This job has been working for several weeks, but broke today. Main pool is DATA, backup is called BACKUP. There are existing replication jobs to replicate from DATA to BACKUP once a week. These succeed. Other snapshot jobs on the DATA pool itself also succeed. The failing job is set up to replicate from the local BACKUP pool to a "remote" TN box called MIRROR.
When the job starts it fails immediately. The job logs in /var/log/jobs are below. The folder called out in the error is mounted from the DATA pool (from the .system folder).

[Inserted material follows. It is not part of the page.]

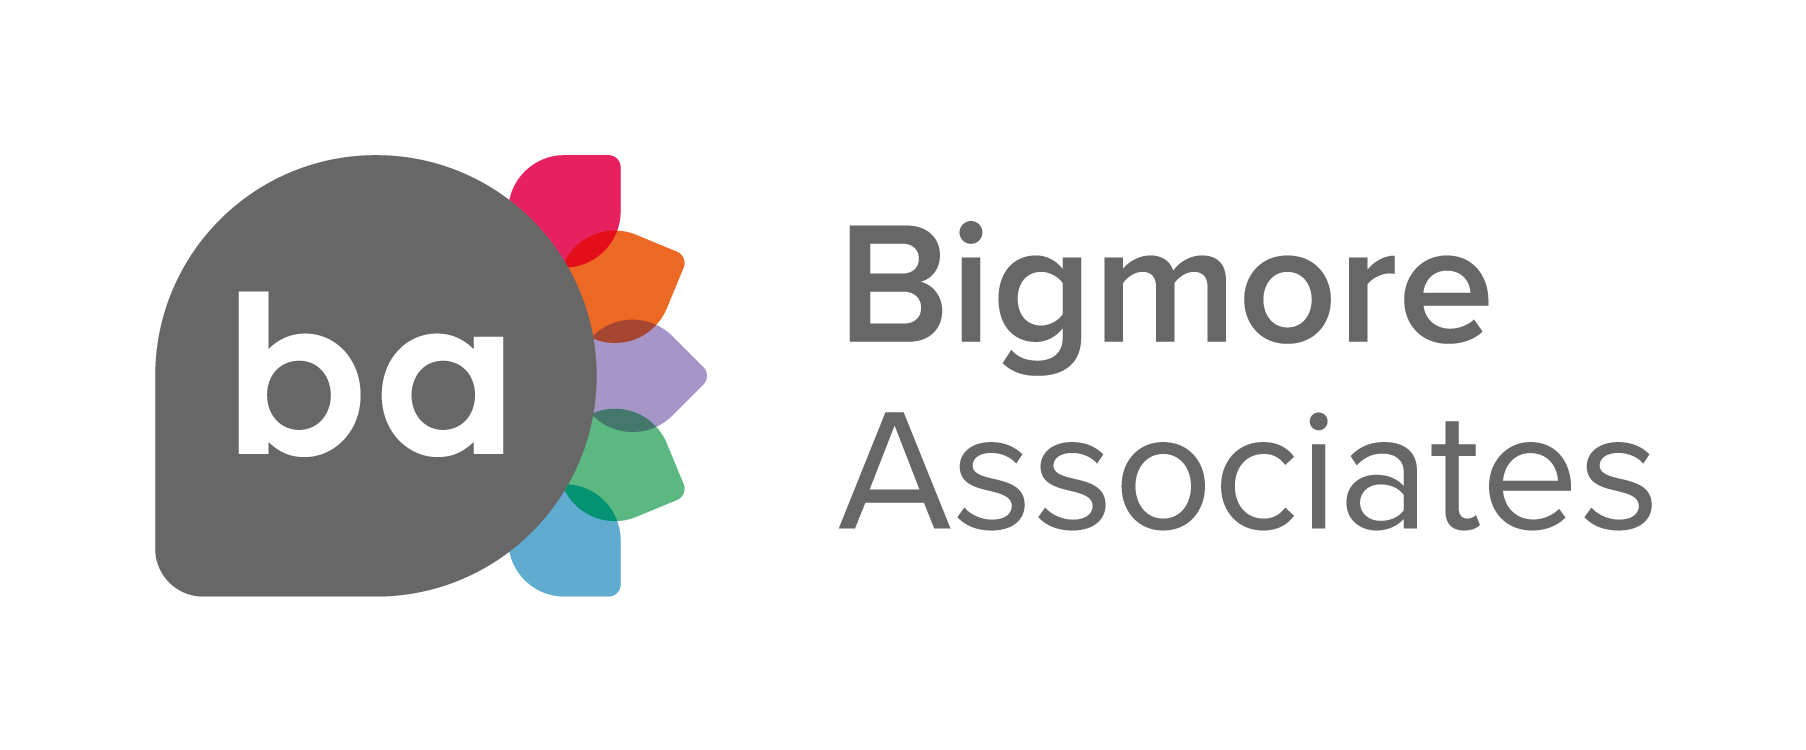 Bigmore Associates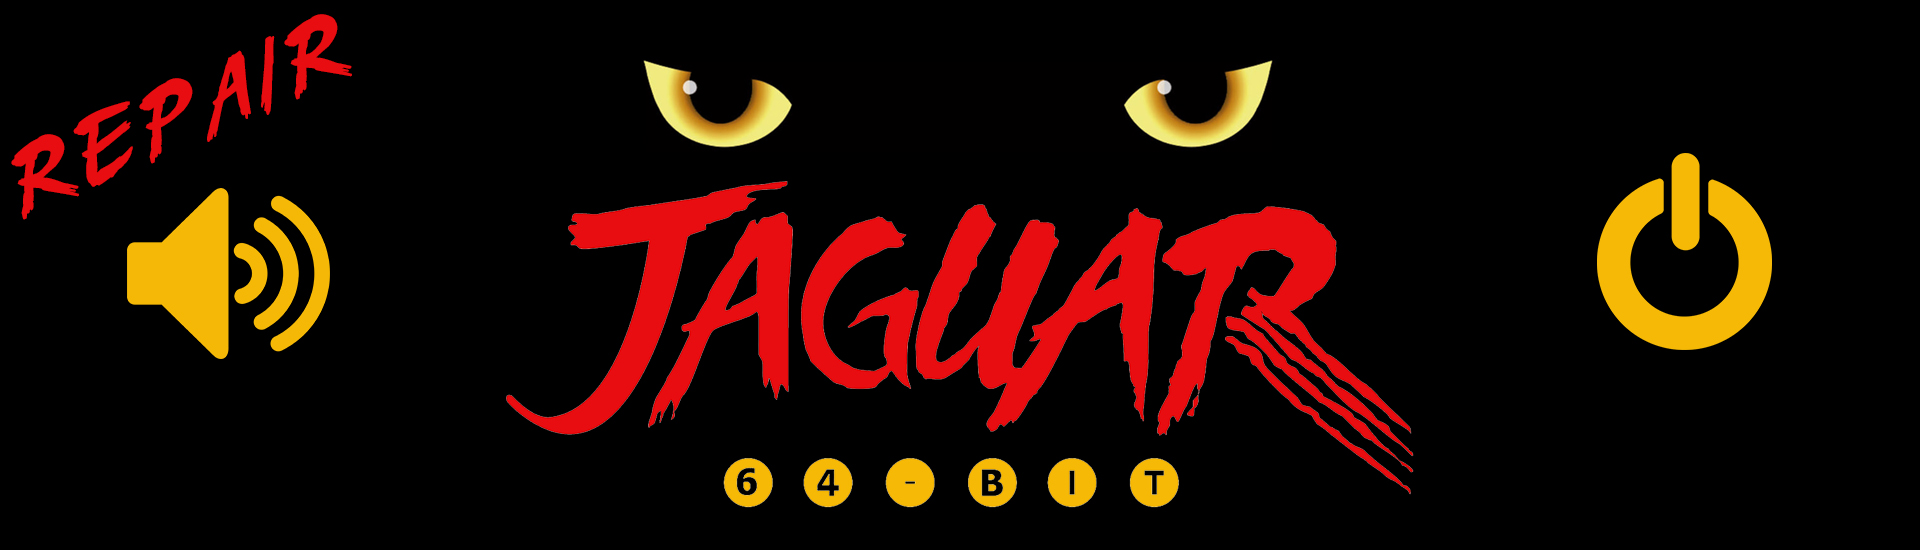 Atari Jaguar repair riparazione

I don't see anything mounted from BACKUP.
Any thoughts about why this is failing, and how to fix it?
Running TrueNAS Scale 22.02.3 on both boxes.
When the job starts it fails immediately. The job logs in /var/log/jobs are below. The folder called out in the error is mounted from the DATA pool (from the .system folder). I don't see anything mounted from BACKUP.
Any thoughts about why this is failing, and how to fix it?
Running TrueNAS Scale 22.02.3 on both boxes.
[2023/01/14 16:47:47] INFO [Thread-435] [zettarepl.paramiko.replication_task__task_3] Connected (version 2.0, client OpenSSH_8.4p1)
[2023/01/14 16:47:47] INFO [Thread-435] [zettarepl.paramiko.replication_task__task_3] Authentication (publickey) successful!
[2023/01/14 16:47:49] INFO [replication_task__task_3] [zettarepl.replication.pre_retention] Pre-retention destroying snapshots: []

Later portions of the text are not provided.